History Repeats

John Wesselink

John Wesselink, Central’s President from 1925-34, had the unhappy duty of calling off Commencement for the class of 1930 due to a smallpox epidemic. It was “a great disappointment to the graduation class and to all concerned,” he wrote.

In 2020, many high school, college and university graduations were put on hold worldwide — including Central College’s. As President Mark Putnam notes, at Central there is a 90-year-old precedent.

His President’s Corner essay [“We’ve (Almost) Been Through this Before,” Spring 2020, Page 1] told the story of the commencement-canceling small-pox quarantine of 1930, citing then-President John Wesselink’s May 24, 1930, diary entry.

We thought you might be interested in the student perspective of that event. In its May 30, 1930, edition, The Central Ray captured emotions that resonate with those of the Central community in May 2020:

“NO COMMENCEMENT AT CENTRAL,” announced the page-one headline. “Plans, Hopes, Expectations All Shattered By Small Pox Quarantine” continued the subhead.

“The most dramatic moment of the year was perhaps when Dean Henry Pietenpol announced at the dorm before breakfast that because of the smallpox quarantine all college functions except examinations must be called off. …

“What can be more deplorable than Commencement without friends and family, church and speaker, music and oratory, pomp and circumstance? …

“Plans made months ago were broken and made over by dozens. Telegraph wires fairly sizzled … [Parents’] is the greatest disappointment of all; theirs was the sacrifice for their young hopefuls; theirs was to have been a well-dressed reward … .

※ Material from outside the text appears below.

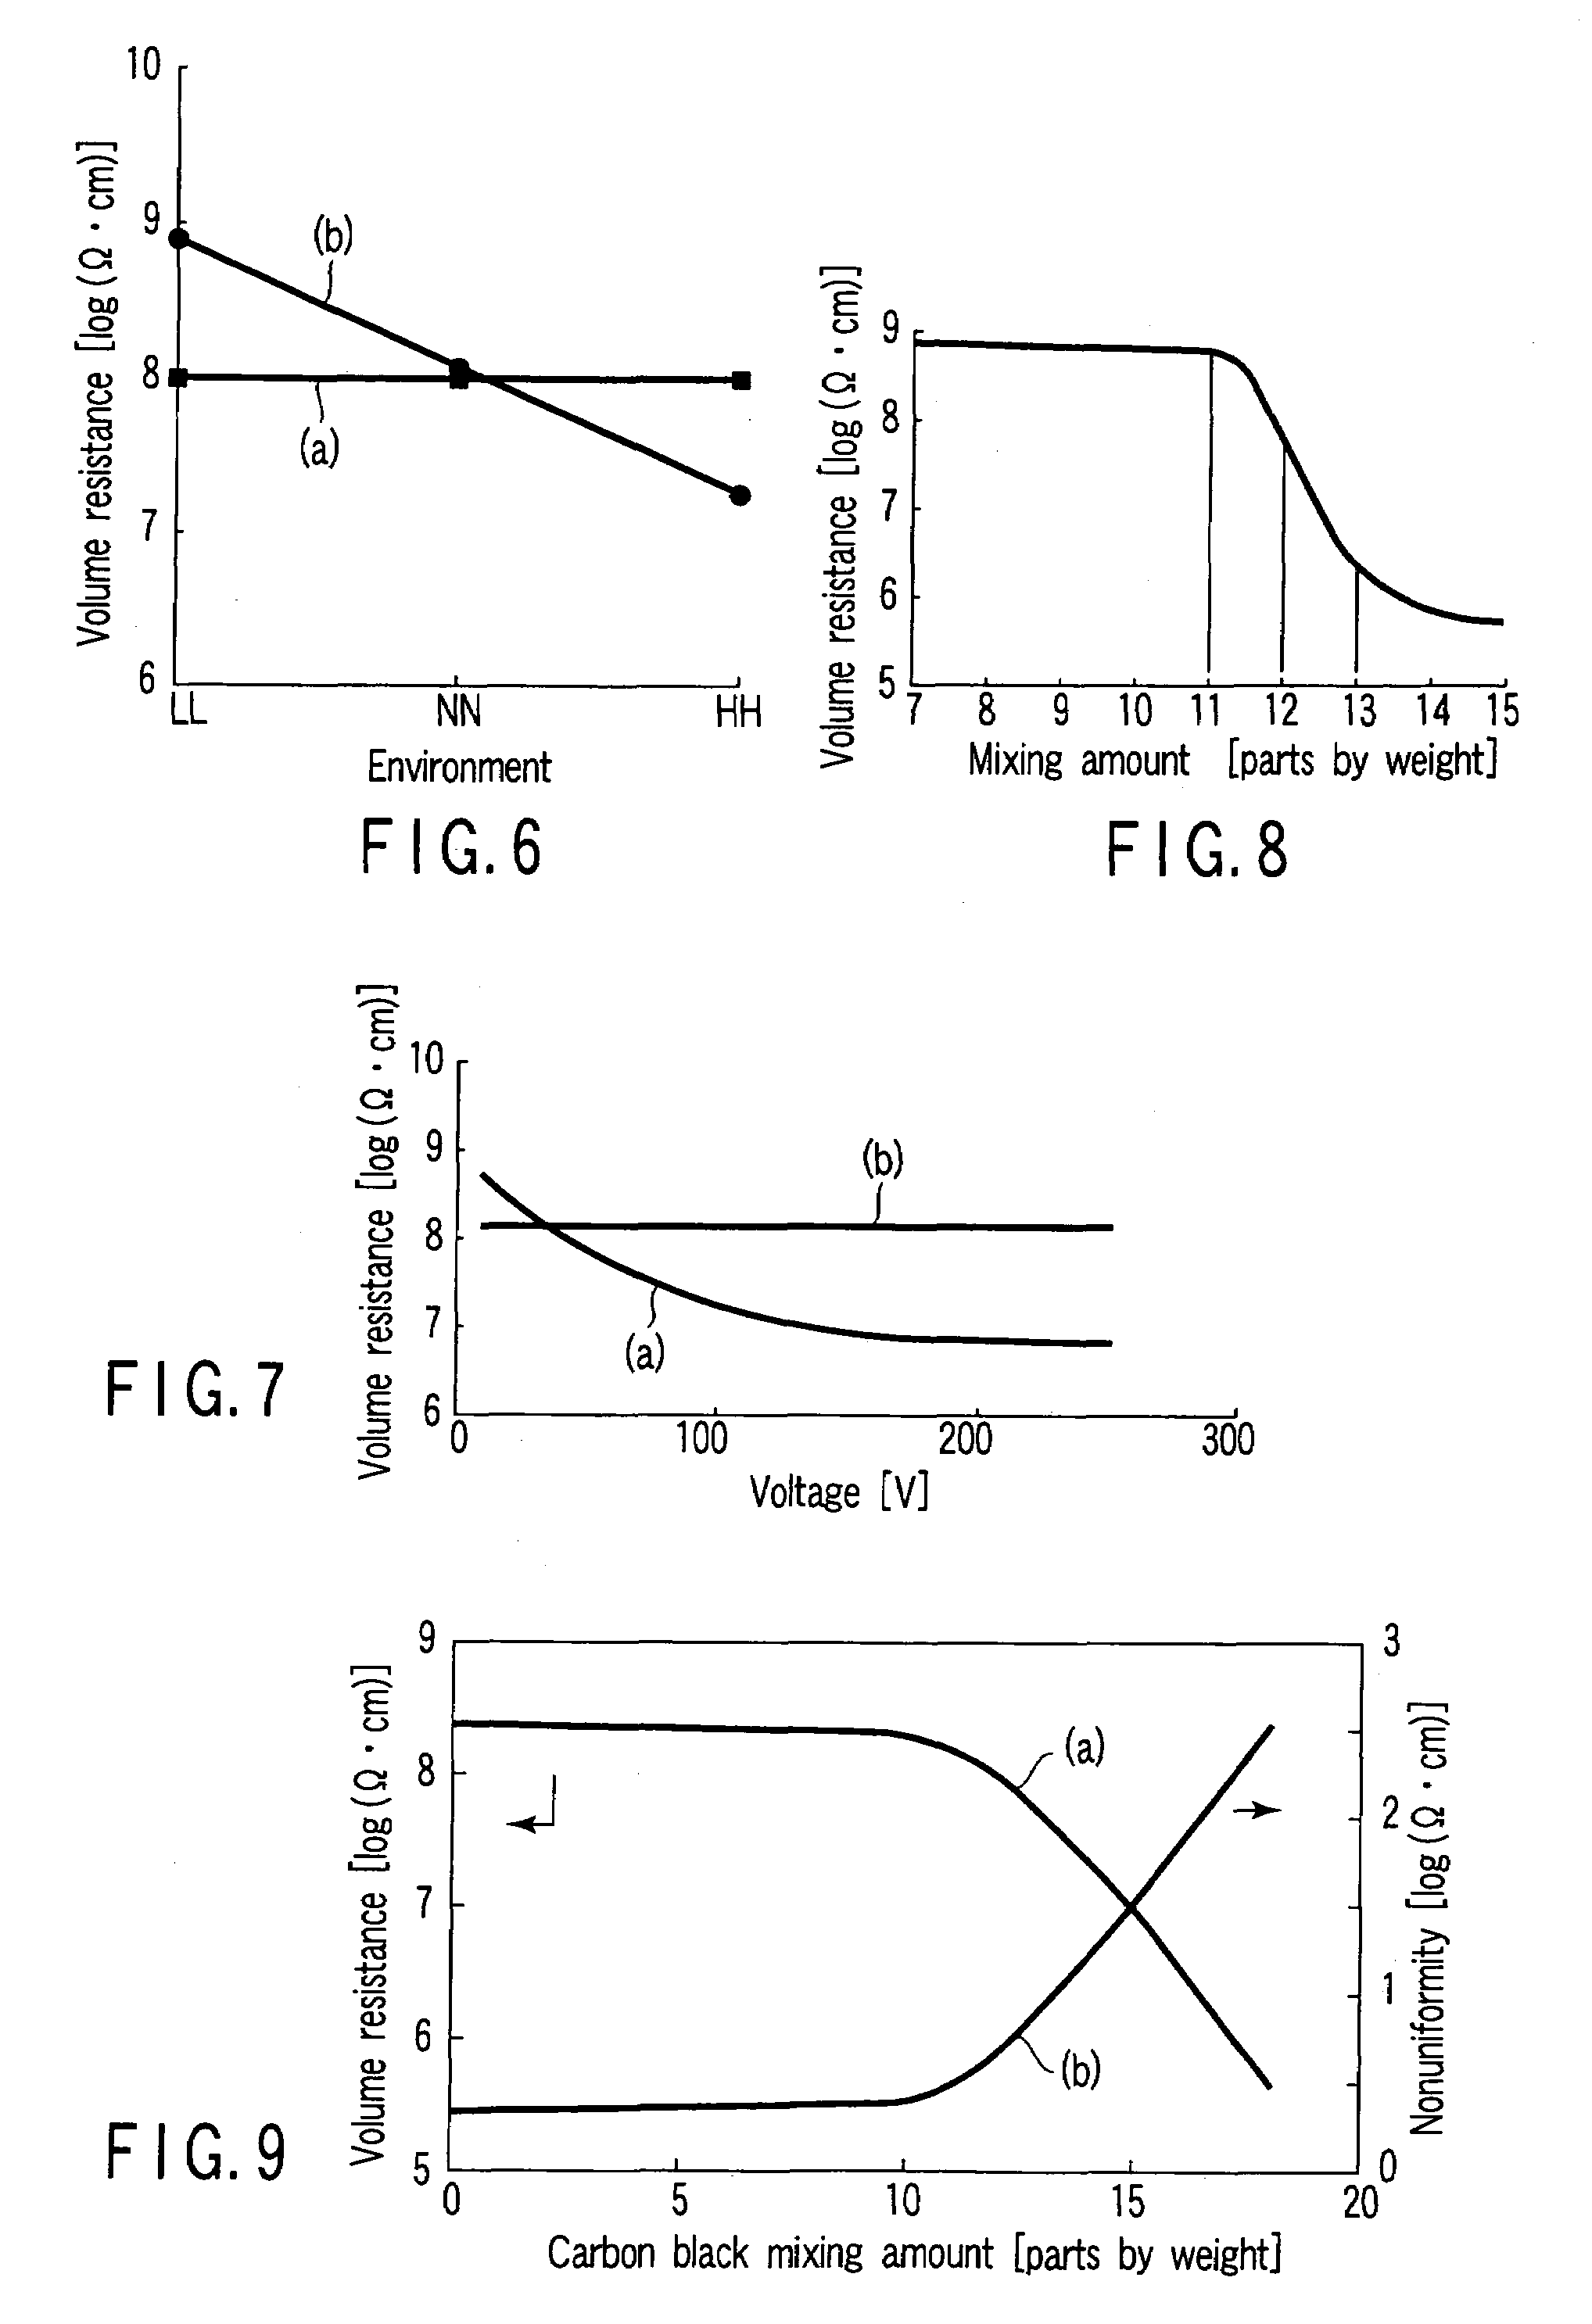 Electrically conductive member

“No one fears contagion; all are vividly mindful only of the dulling of one of life’s brightest hours. … This is not an editorial … but only to attempt to record the spirit of the time.”

According to another article in the same issue of the student newspaper, the 24-student senior class “slowly marched into the chapel Thursday evening, May 29, 1930. The small audience of students allowed to be present stood in respect … President John Wesselink … expressed the regret of all, that no public gathering was possible.”

The “spirit of the time” is similar this year. The plans were different: Central held commencement for the Class of 2020 Sunday, Sept. 27, one with most of the features of a traditional ceremony.

The Class of 1930 would approve.

Best Wishes To the Class of 2020!

You don’t have to be a member of the Class of 1930 to offer a heartfelt congratulations to an exceptional class. Many Central College alumni wrote to offer theirs. Here are snippets from a few of those received:

“Congrats, Class of 2020! You’ll always have a unique set of memories to bind you — a bond you’ll share with all 2020 graduates across the country and even the world. May it inspire you to a special sense of community and solidarity. We’re rooting for you!”

— Hilary Hekel ’02

“You have arrived at the finish line — graduation — and it is playing out differently than anyone could have imagined. Times are uncertain and a new normal is coming. The world needs Central grads — those who are determined, who strive for excellence, who look for the best in others and who are ready to go out and make a difference in the world. As you go out into the world, remember that you ARE part of the Central family and we stick together. We will be here to support you on this next journey. And remember, You Are Forever Dutch!”

— Brian ’80 and Lori Humphrey Fegley ’80

“This year is like no other before and probably no other to come. But it’s still your year and it will always be special and memorable for you and your families. There will be more times in the future to gather, celebrate and cheer each other. I remember 41 years ago, when all the ceremony and celebration was over, pausing and thinking to myself, ‘Now what?’ Believe me, the best is yet to come! Scary? Absolutely. Exciting? Oh, yeah!”

— Alan Van Zee ’79

“Thank you for the resilience you have shown during this challenging close to your career at Central. More than that though, thank you for the vibrancy, the caring and the academic diligence that has been a hallmark of your class during the last four years. In your honor, I am making a donation today to the Central Cares Fund, to help the students following behind you, who will always remember the leadership example you have set for them. Good luck in this next stage of your life. Continue to hold dear the memories of your time at Central. Congratulations on your graduation!